1Department of Electrical Engineering and Comouter Science, University of Central Florida, Orlando, 32816 FL, USA
2Department of Electrical Engineering and Comouter Science, University of California at Berkeley, Berkeley, 94720 CA, USA

Received 11 September 2011; Revised 9 January 2012; Accepted 11 January 2012

Academic Editor: Deming Chen

Copyright © 2012 Mingjie Lin et al. This is an open access article distributed under the Creative Commons Attribution License, which permits unrestricted use, distribution, and reproduction in any medium, provided the original work is properly cited.

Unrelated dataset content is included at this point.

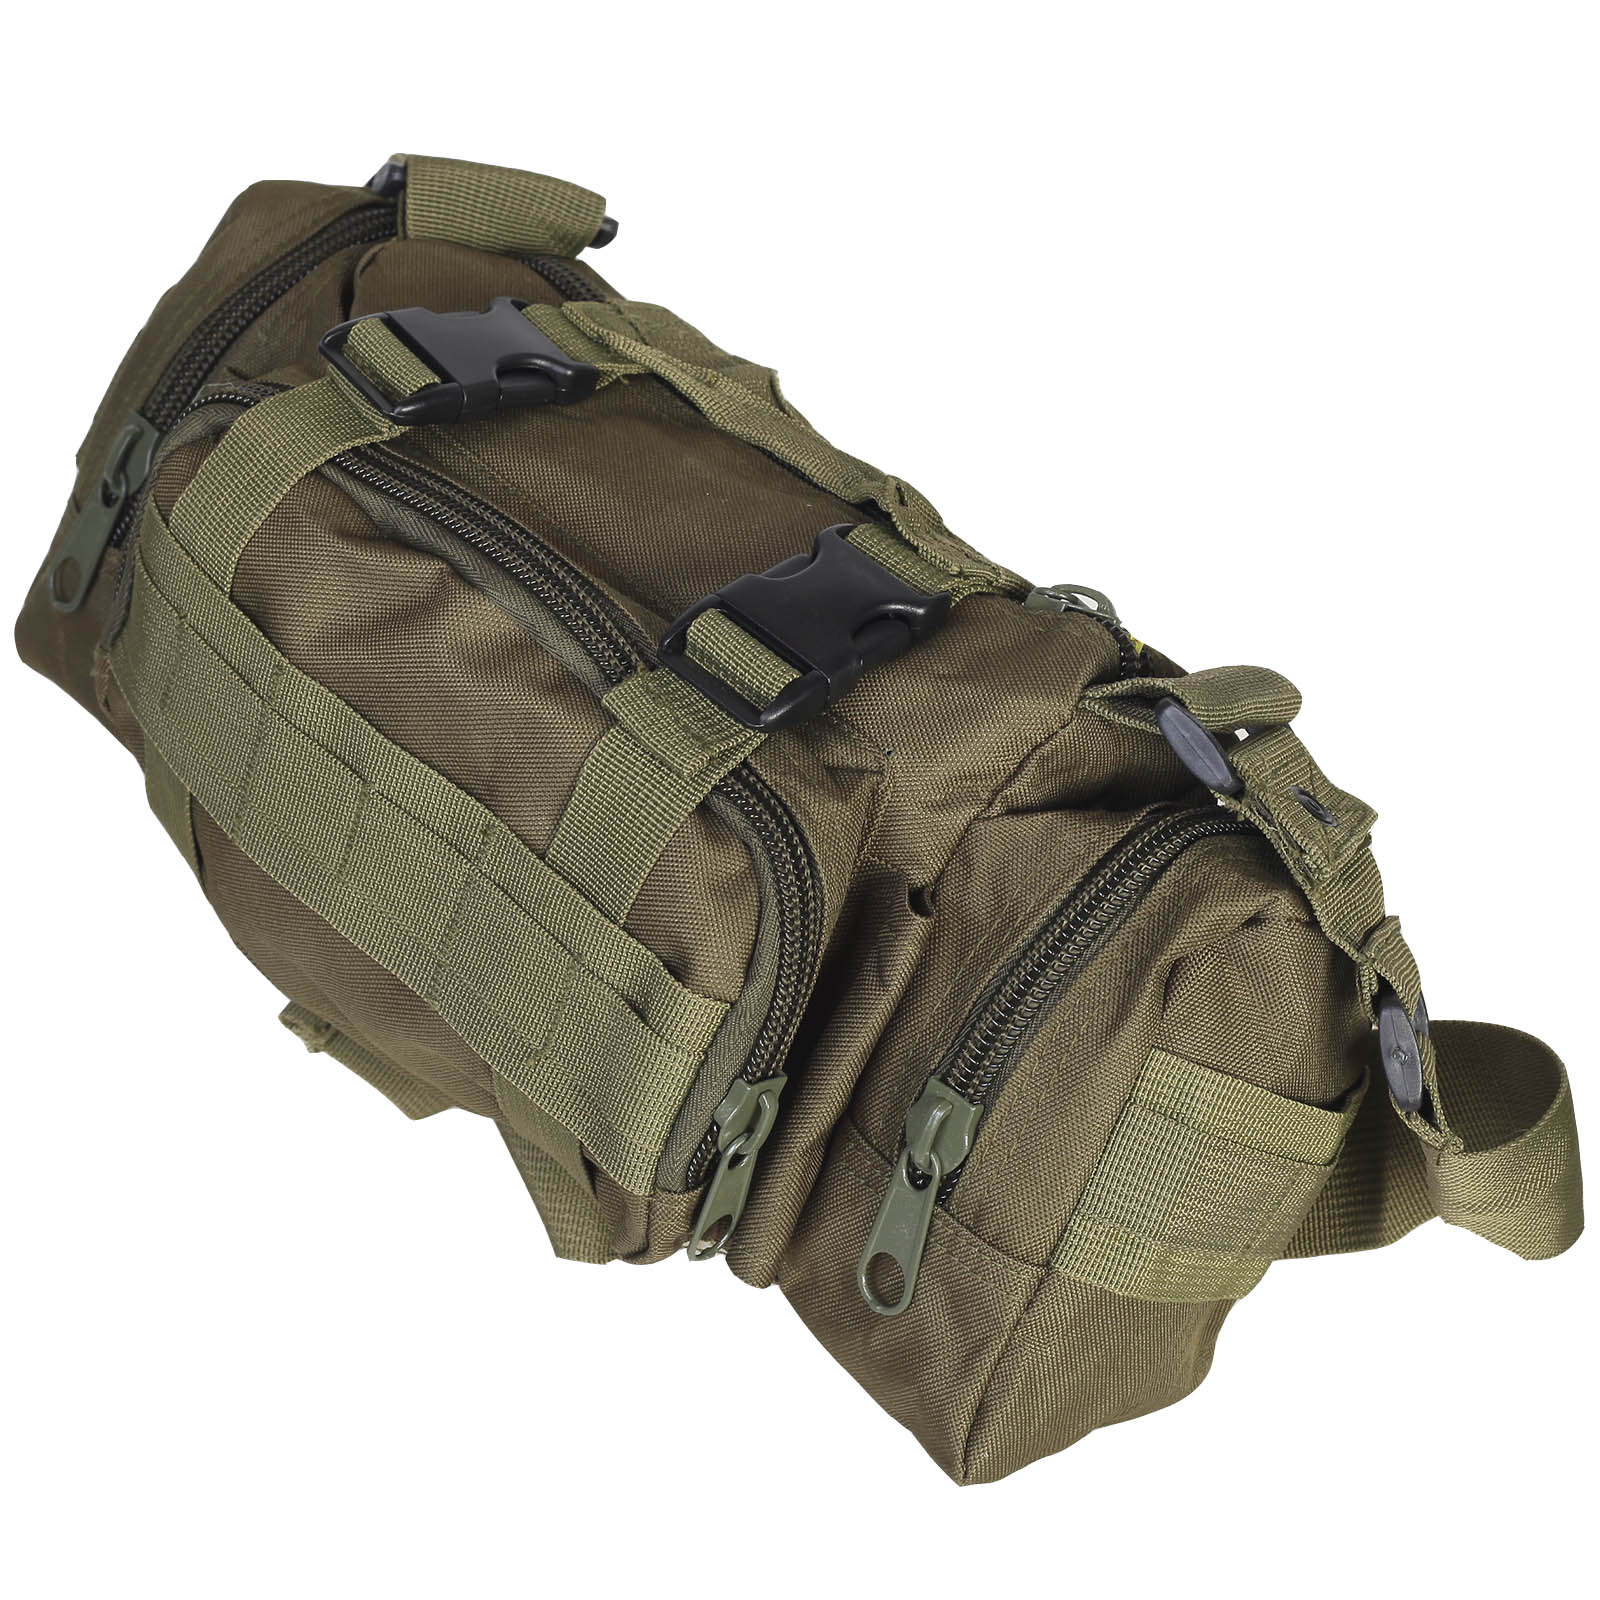 Компактная мужская сумка на плечо и пояс 
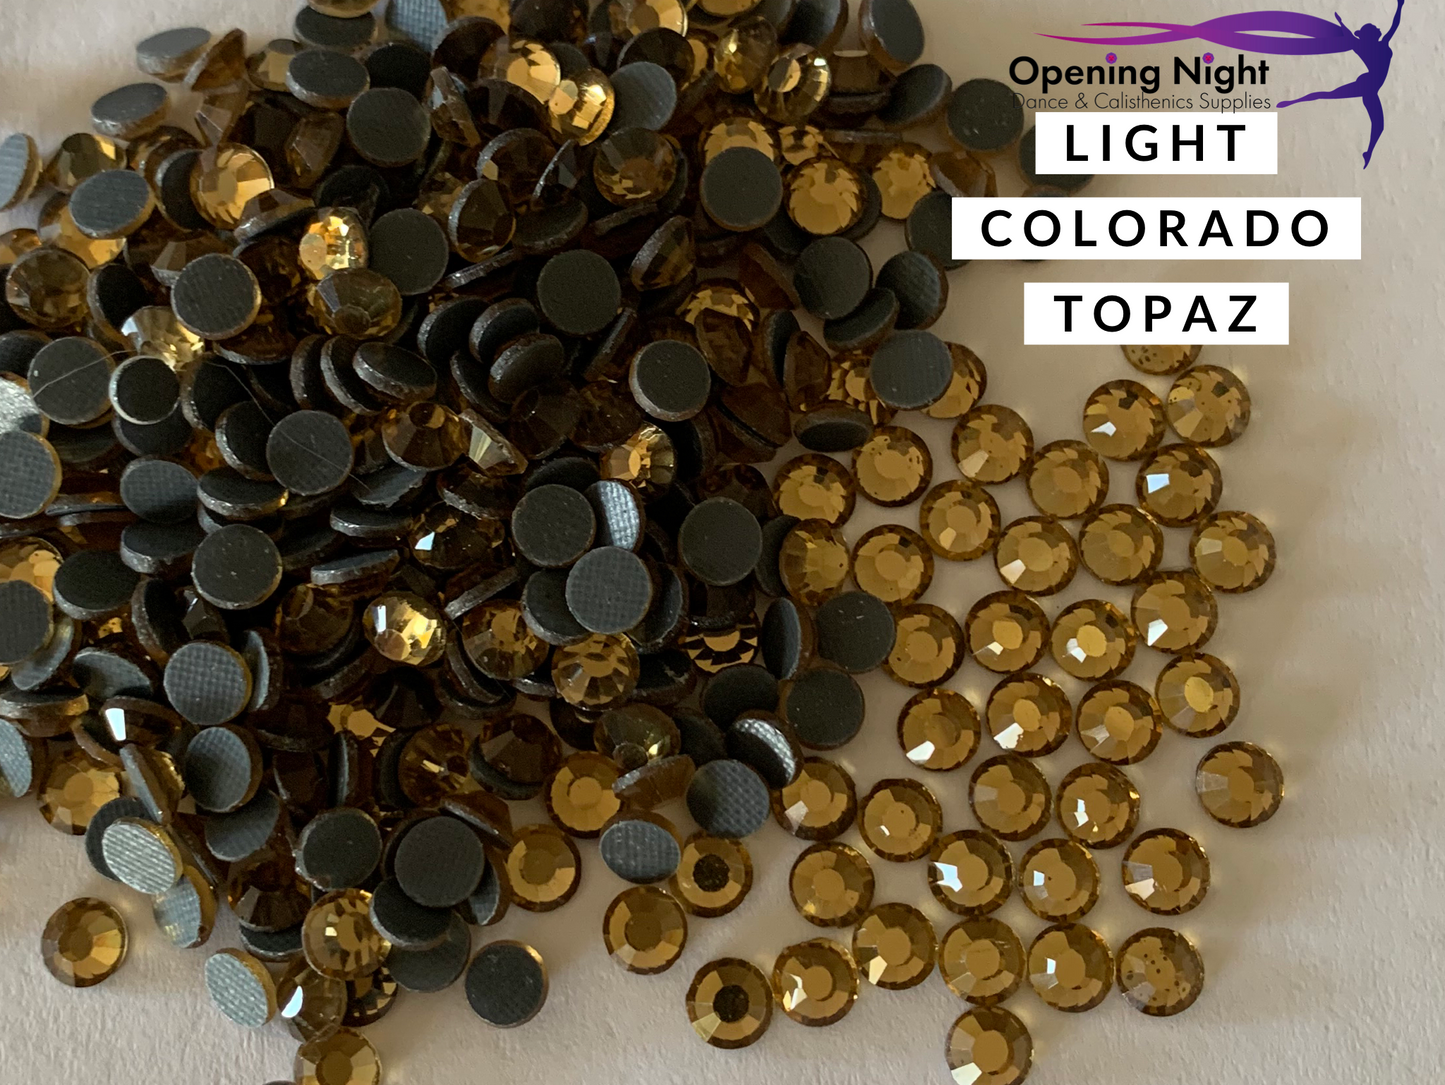 Light Colorado Topaz - DMC Hotfix Diamante Crystals

With the advent of 10 nm CMOS devices and “exotic” nanodevices, the location and occurrence time of hardware defects and design faults become increasingly unpredictable, therefore posing severe challenges to existing techniques for error-resilient computing because most of them statically assign hardware redundancy and do not account for the error tolerance inherently existing in many mission-critical applications. This work proposes a novel approach to selectively fortifying a target reconfigurable computing device in order to achieve hardware-efficient error resilience for a specific target application. We intend to demonstrate that such error resilience can be significantly improved with effective hardware support. The major contributions of this work include (1) the development of a complete methodology to perform sensitivity and criticality analysis of hardware redundancy, (2) a novel problem formulation and an efficient heuristic methodology to selectively allocate hardware redundancy among a target design’s key components in order to maximize its overall error resilience, and (3) an academic prototype of SFC computing device that illustrates a 4 times improvement of error resilience for a H.264 encoder implemented with an FPGA device.